Monday, August 29, 2011

Hurricane Aftermath

Walking through the "hurricane" just two blocks to the hospital was an odd experience yesterday. The day was beginning to brighten through the clouds and wind whipped around me gently. Leaves and branches were scattered about the street and the first cars were beginning to make an appearance on the roads. In front of the hospital, a battered little tree had split in half, but it was removed by the end of my shift.

It was oddly quiet, strangely silent. I normally associate the area in front of the hospital with lots of activity- from the researchers, physicians, students gathered around the little tables and benches, the food carts and their billowing fragrant smoke clouds, to the constant battle between pedestrian and motor vehicle in the crosswalk. All of that was gone. I was the sole, silent figure walking on the rustling, deserted street.
The normally busy employee entrance was closed and I made my way through the main entrance guarded by one lone security guard. Inside the hospital, life was also suspended. Valhalla, or the "section above", was unfortunately still being used to quarter my night-shift co-workers who had to work again the following night, so I was assigned elsewhere. In my new section, I arrived to see we had 6 providers/doctors for only 6 patients! Where normally our census boasted at least 80-90 patients at any given time in the ER, we had less than thirty in house, some of which were already discharged to go home. With each new EMS arrival, we would ask- how is it outside? Not bad, they would reply- the sun is coming out.

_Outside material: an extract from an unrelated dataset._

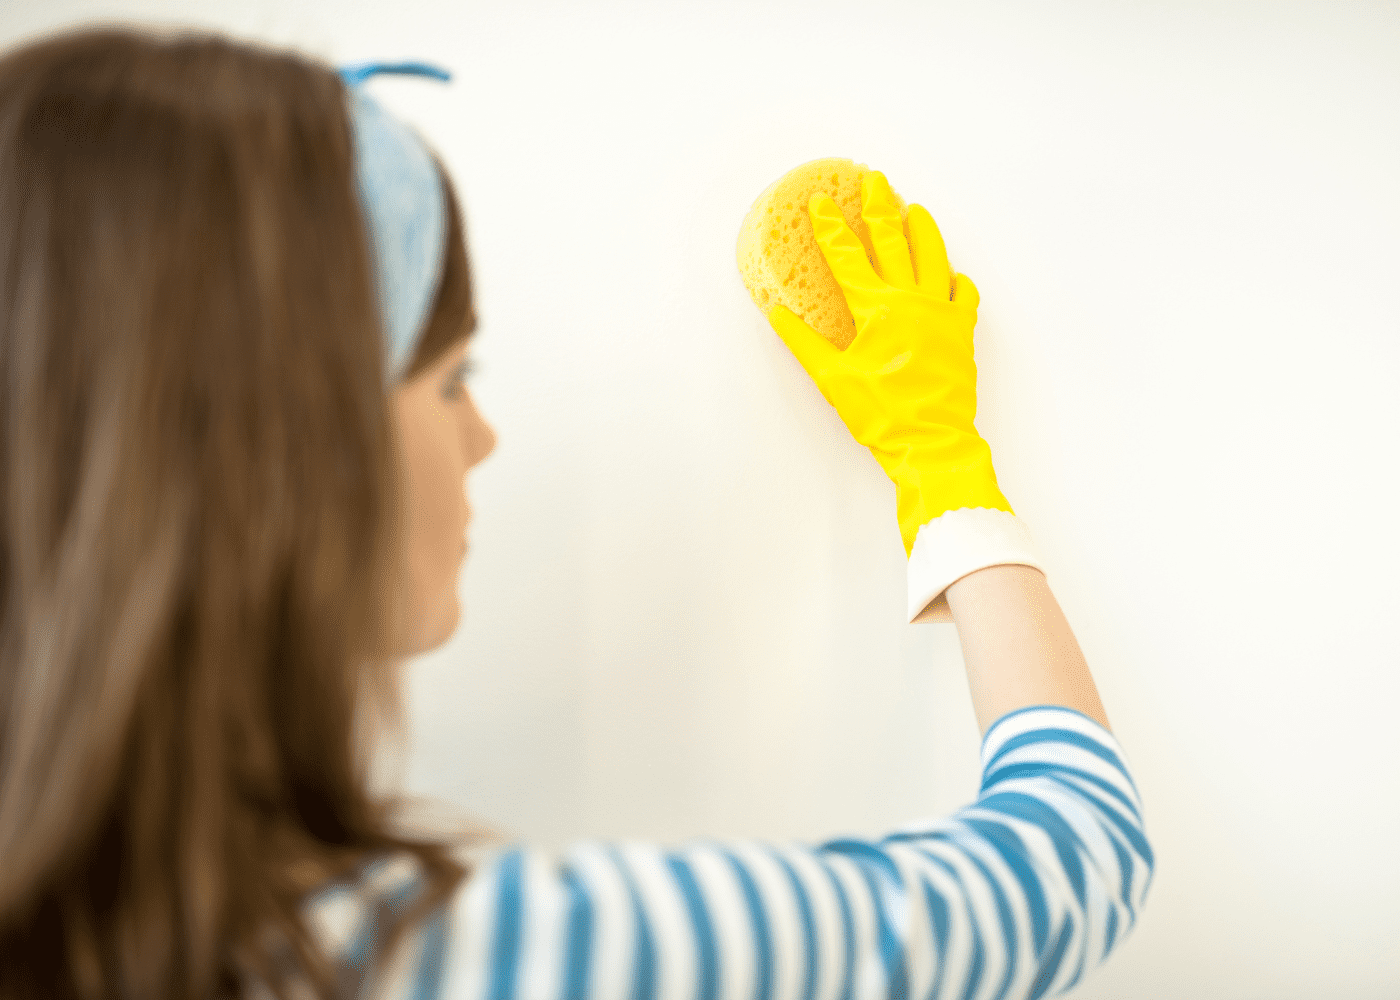 A woman cleaning a white wall with a sponge and yellow glove on in post how to clean white walls.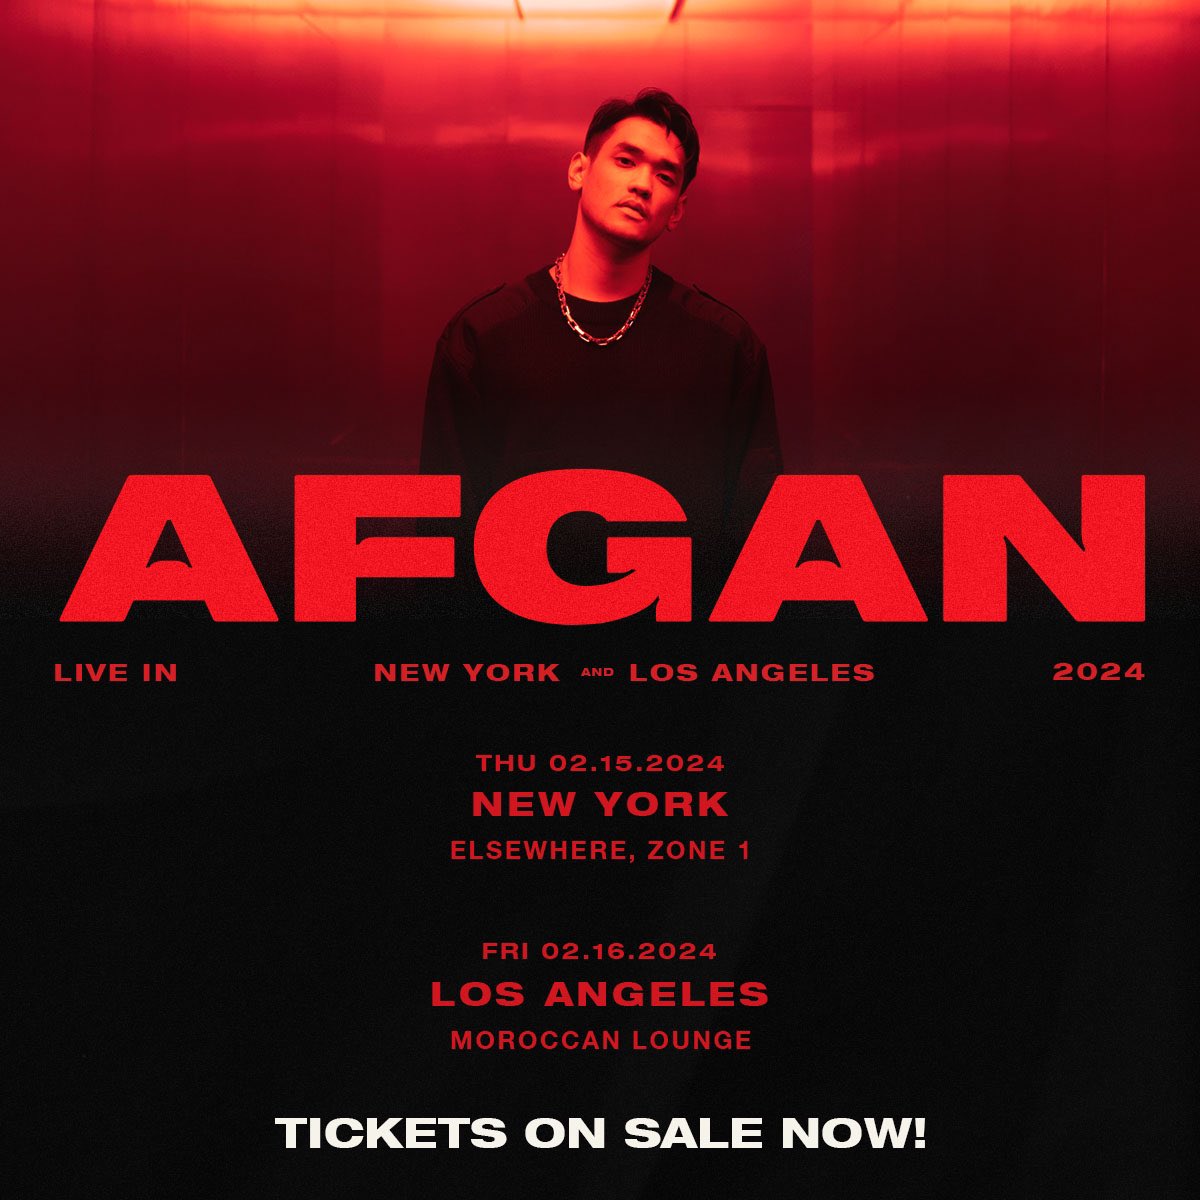 Tickets to my US shows are now available to purchase! Grab yours now👇🏻 NY lnk.to/AFGANNYSHOW LA lnk.to/AFGANLASHOW

Sure enough, our patients started arriving. After staying 24 hours indoors, they flooded our gates, eager, angry, anxious. My first patient that came in during this rush was a young man and his hood rat friend, who sassed us from the moment she walked in. She would not elucidate her relation with him, whether familial, fraternal, or professional, but proceeded to try to speak for him, demanding amenities such as blankets, pillows, and food. He apparently arrived because he 'asked someone for a cigarette and when he smoked it, felt high." Good riddance when we kicked both of them out after determining no foul play.

We had, oddly enough, several very amply padded patients come in by ambulance. Their chief complaints were: firstly because they had lost power, secondly because they were alone and scared and thirdly because they wanted us to refill their at-home oxygen tanks. It took a lot of staff-power to move and shift them about, as they barely fit into our 700lb capacity bariatric stretchers. After whatever action we had to perform, whether it was holding legs open for a foley catheter for a UTI or moving them up from sliding too much in the stretcher or even just moving them to our stretcher, four of us would be breathless and incredulous. I will refrain from repeating some of the names I heard referring to these poor immobile folks. But wow, what are the chances we would get three of them within the same hour?

I had a very sweet old lady who then came in, for bleeding gums. If I should live to be 95 and my only problems were bleeding gums from a tooth extraction and deafness in one ear, I should be a very happy little old lady, grinning every day ear to ear with the bloody gauze in my mouth. My sweet LOL was totally with it and even chastised the nurse for pulling her clothes off unnecessarily- it's just a tooth, for goodness sake! She reprimanded. As I was helping her get up and dressed, she commented to me, it's so much harder to manage the motions of dressing with somebody else, isn't it? I gently squeezed her foot into her brown loafers and pulled her pants up for her and thought about what she said. How many babies, children, invalids, and elderly people must have passed through her life that she must have cared for. I pushed her in her wheelchair to the waiting room to await her daughter's car so she wouldn't have to sit in the draft.

More and more patients started coming in- and our tube system was down, again. I made 4 courier trips to the blood lab... on my return, the team leader nurse pulled me aside apologetically and said, "I'm sorry S, you have to sit." Soon, I had the prattling pretender (again) on my hands and passed the evening in more or less of a stupor, listening to him gab.

What a night! Our manager was wonderful through it all and had stayed the overnight shift, didn't sleep, then continued to work until the end of my shift. He ordered pizza and soda (white birch beer is delicious with pizza!) for us as a morale booster for coming in during the hurricane. Free food is the best morale booster there could be. <3 Our hero!